Degradation of atrazine in non-planted (Control 1) and planted (Control W) soils amounted to 42-46% (Table 7). The analysis of atrazine metabolites in the non-treated soils from planted (Control W) and non-planted (Control 1) pots revealed accumulation of desethyl atrazine as a major contaminant and 2-hydroxyatrazine, desisopropyl atrazine, and desethyl desisopropyl atrazine as minor ones (Table 7). Application of Arthrobacter ureafaciens strain liuloul by means of seed inoculation completely prevented the accumulation of desethyl atrazine and desisopropyl atrazine in soil, and reduced desethyl atrazine concentration by 3.7 times compared to its initial level in the contaminated soil (Control 0). The content of desethyl desisopropyl atrazine in the treated soil was reduced by more than 4 times and the content of 2-hydroxyatrazine was reduced by nearly 25-33% compared to the non-planted Control 1 and planted Control W.
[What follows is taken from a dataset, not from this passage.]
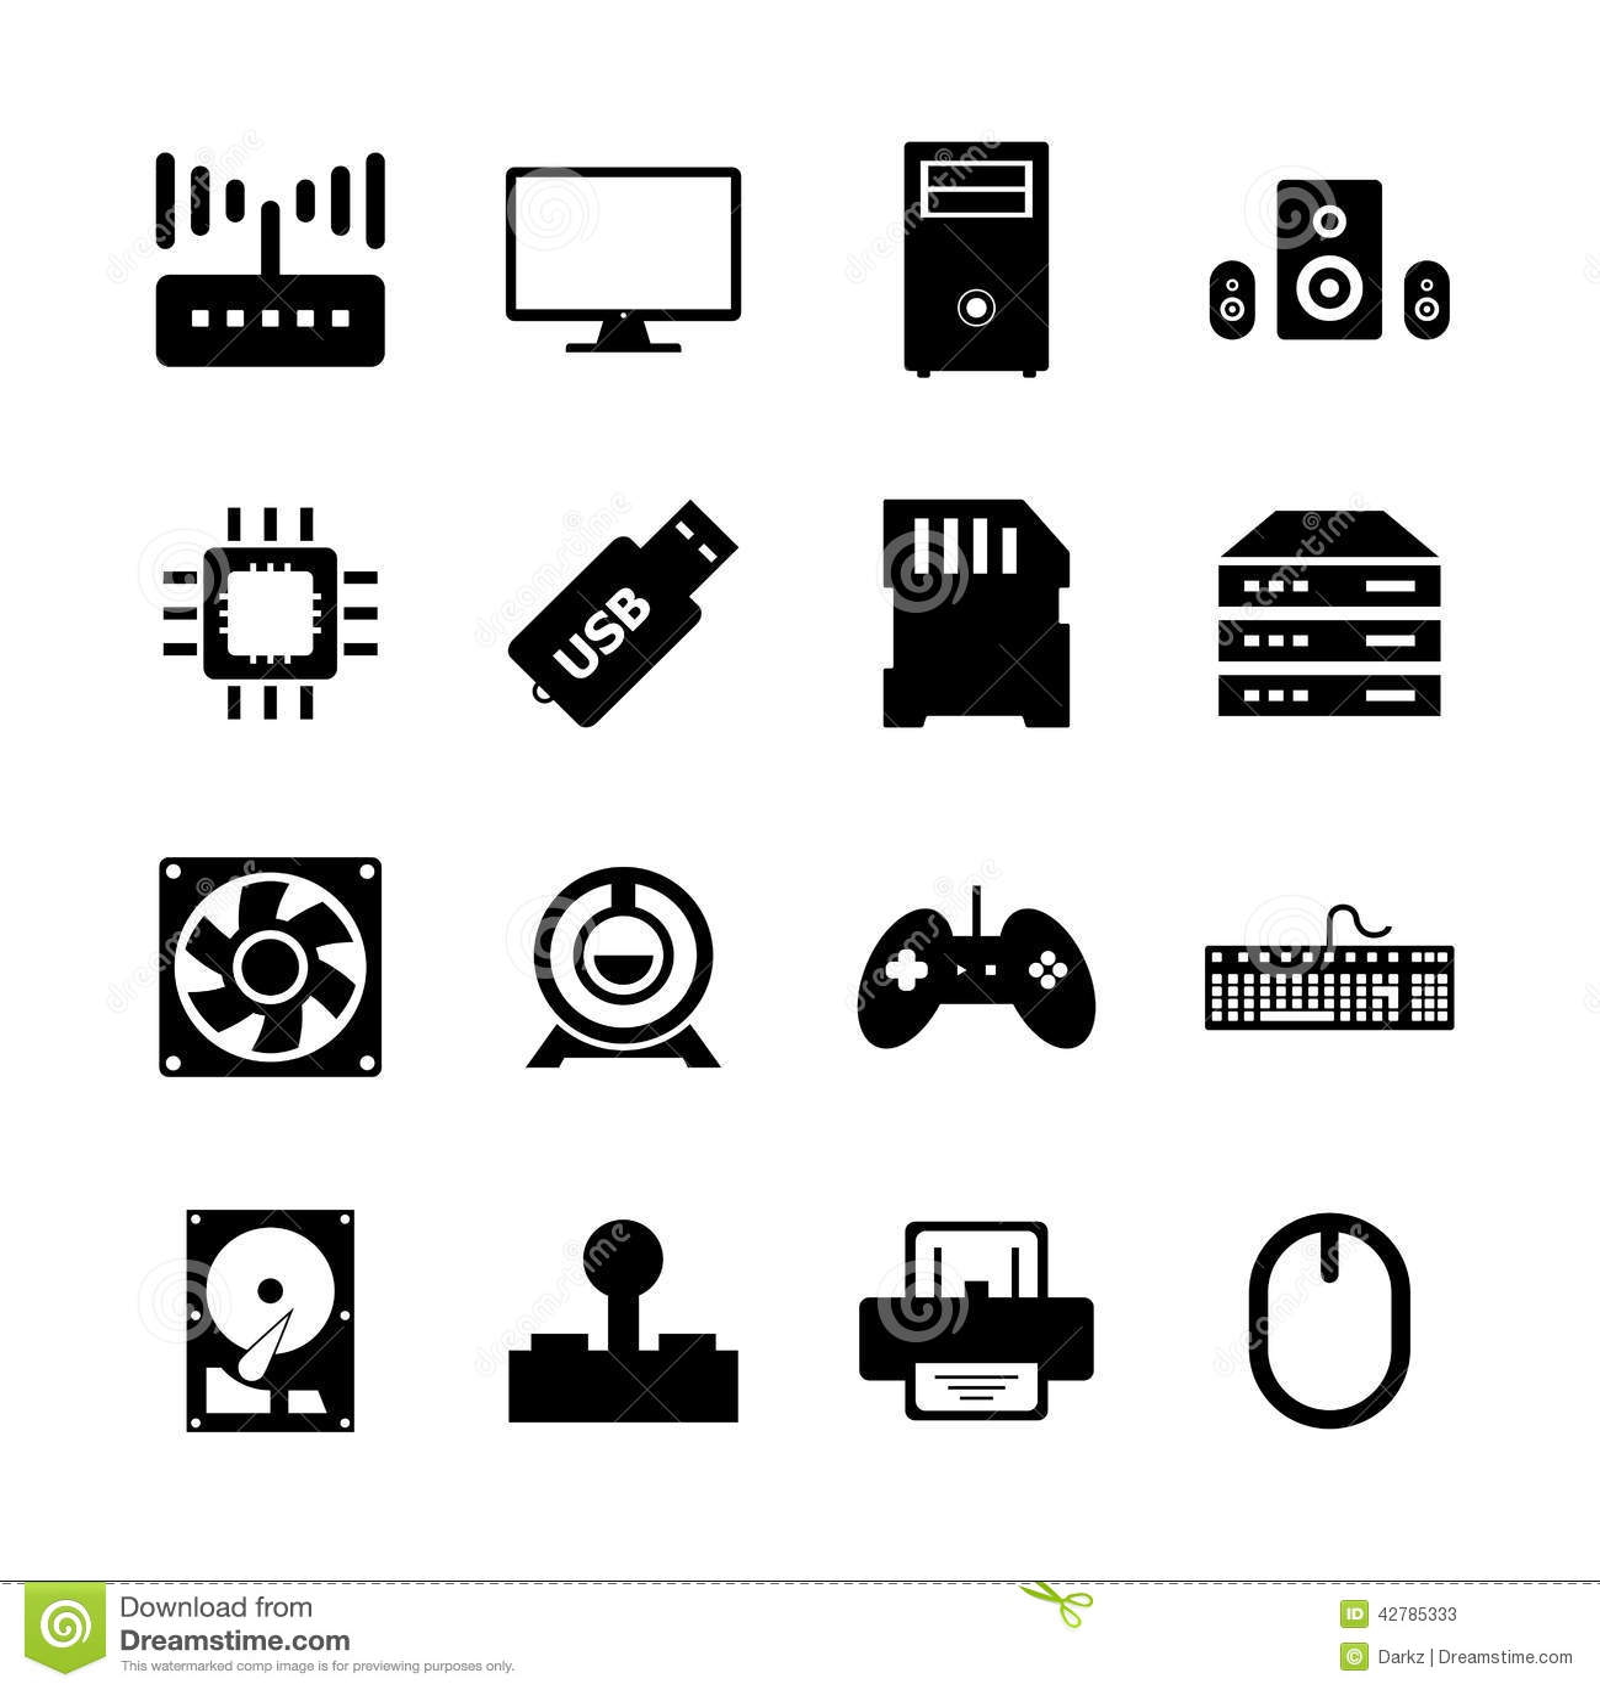 computer hardware icon stock illustration  illustration of
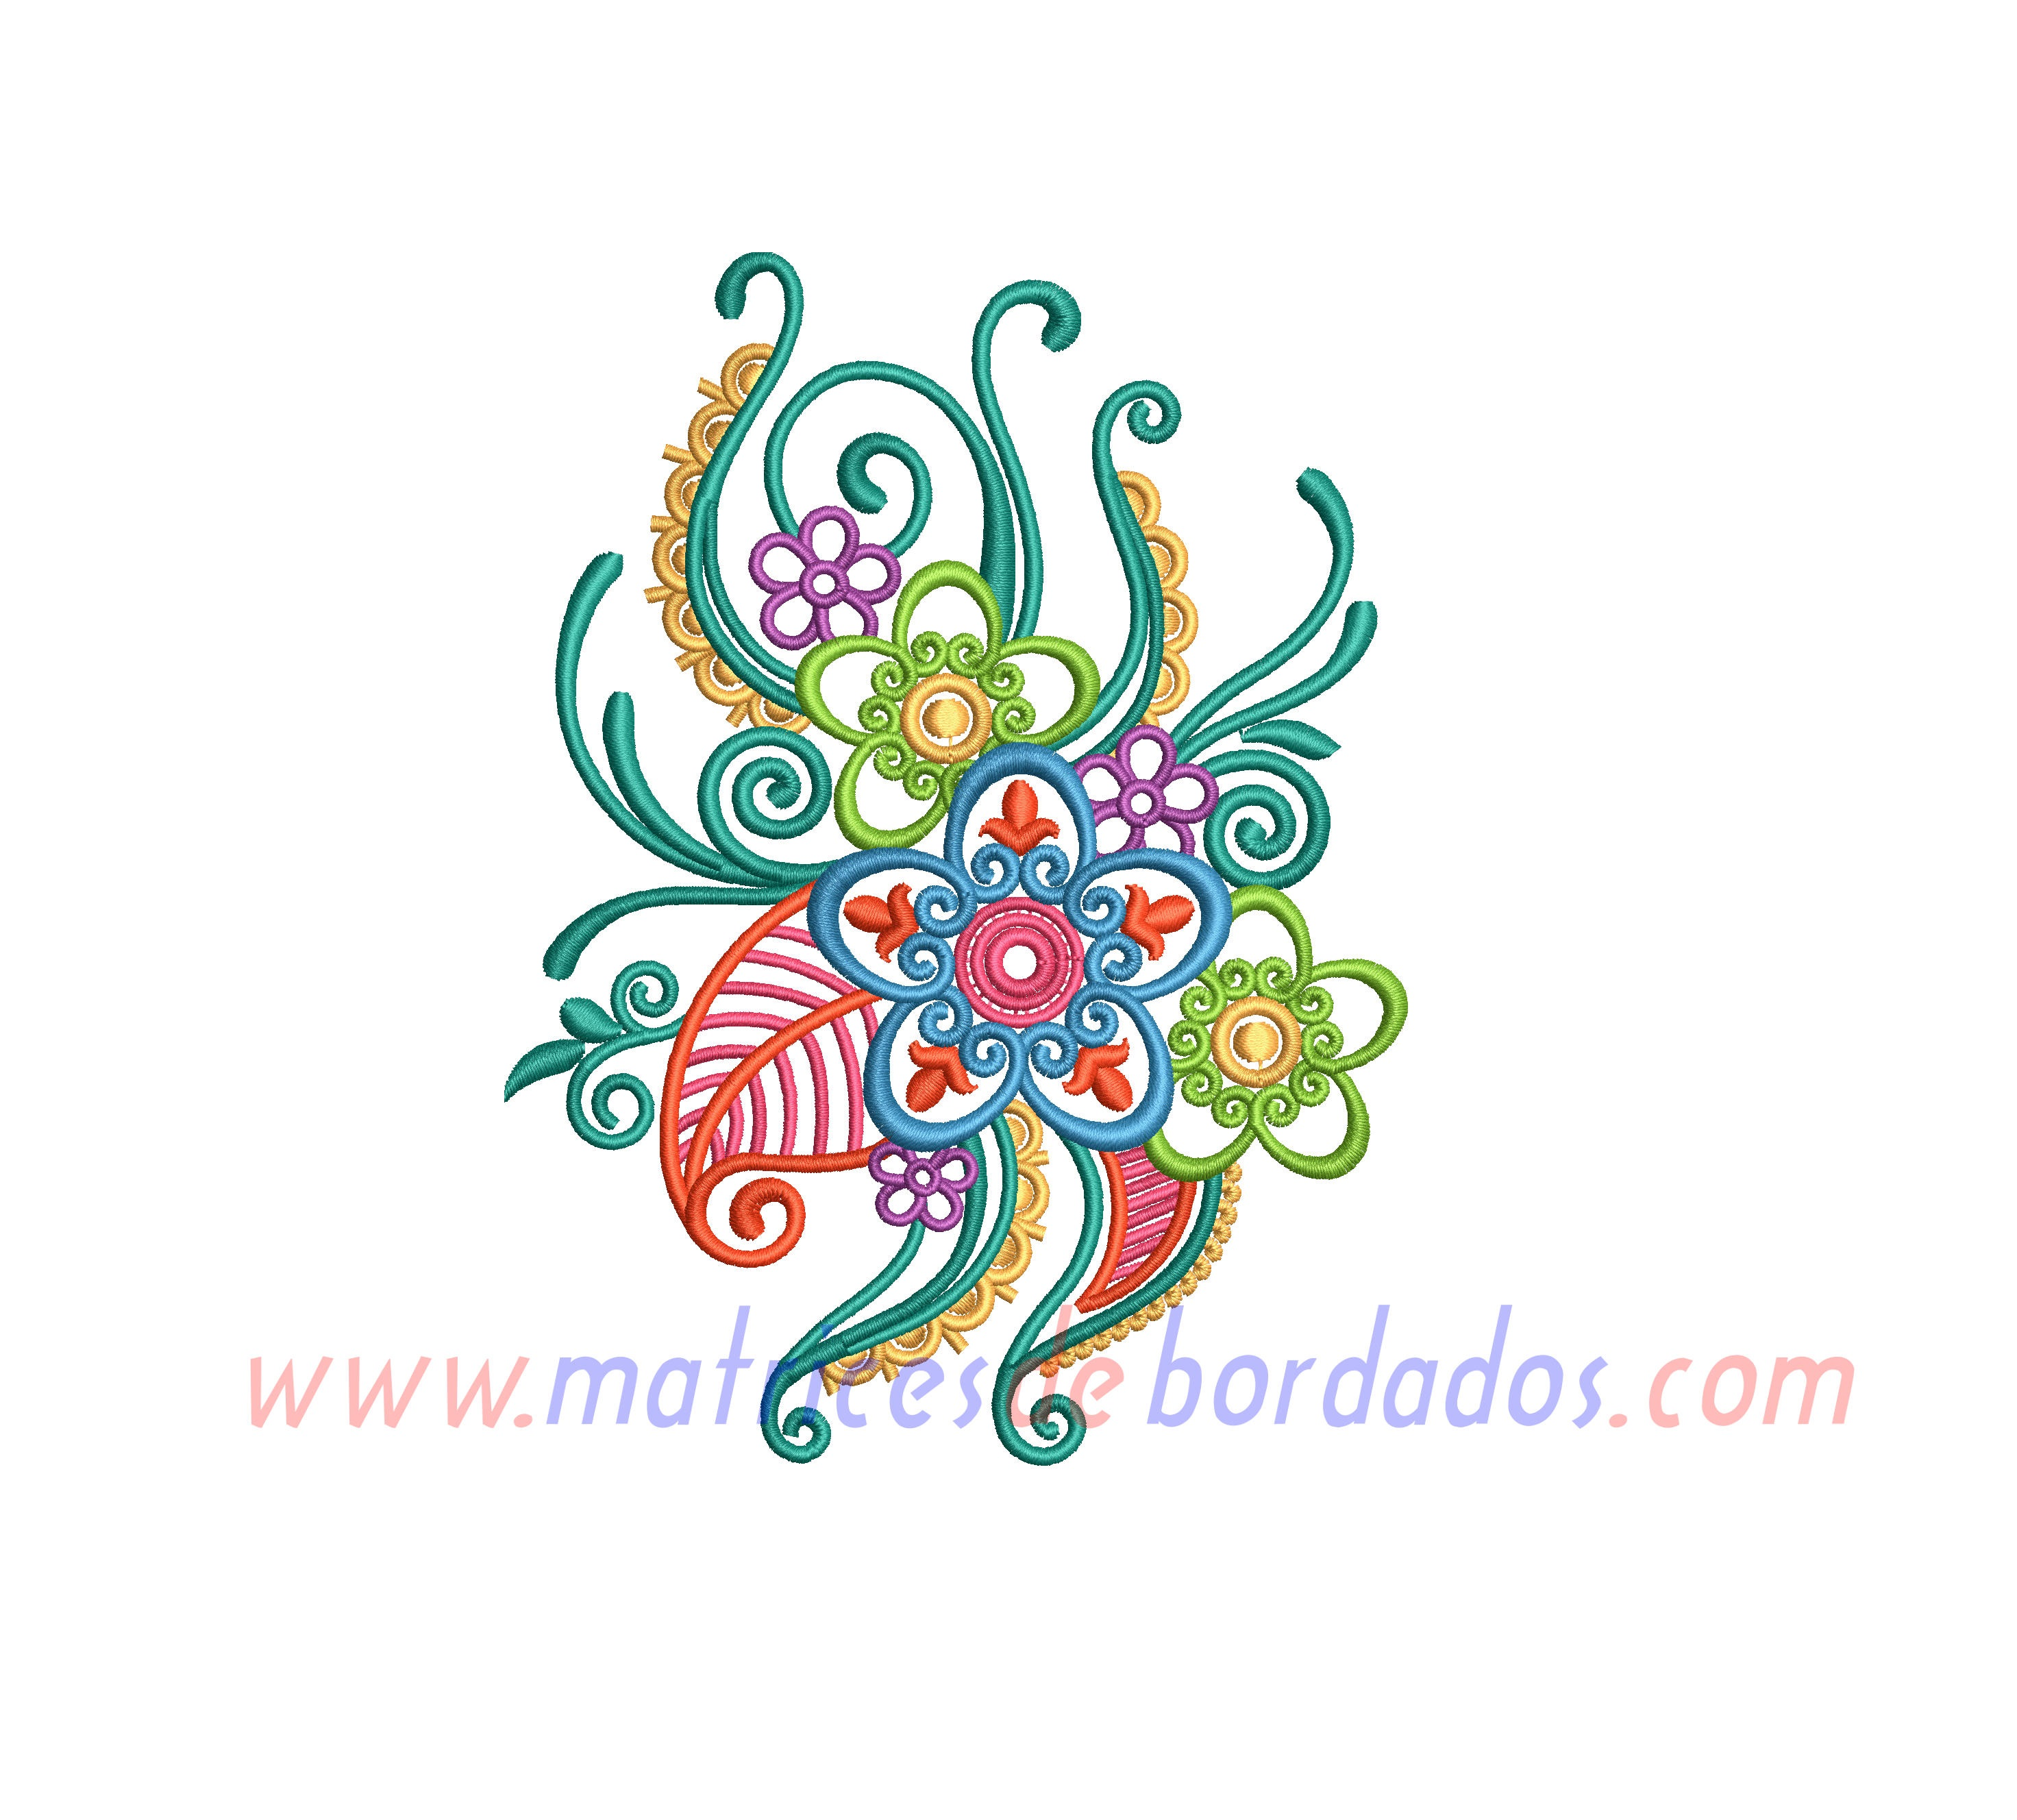 NX94NH - Diseño Floral

This example demonstrates that Arthrobacter ureafaciens strain liuloul applied to soil by means of seed inoculation before sowing (according to claims 8 and 10) remediates soil contaminated with atrazine by degrading atrazine and preventing accumulation or reducing the content of its metabolites 2-hydroxyatrazine, desethyl atrazine, desisopropyl atrazine and desethyl desisopropyl atrazine in soil.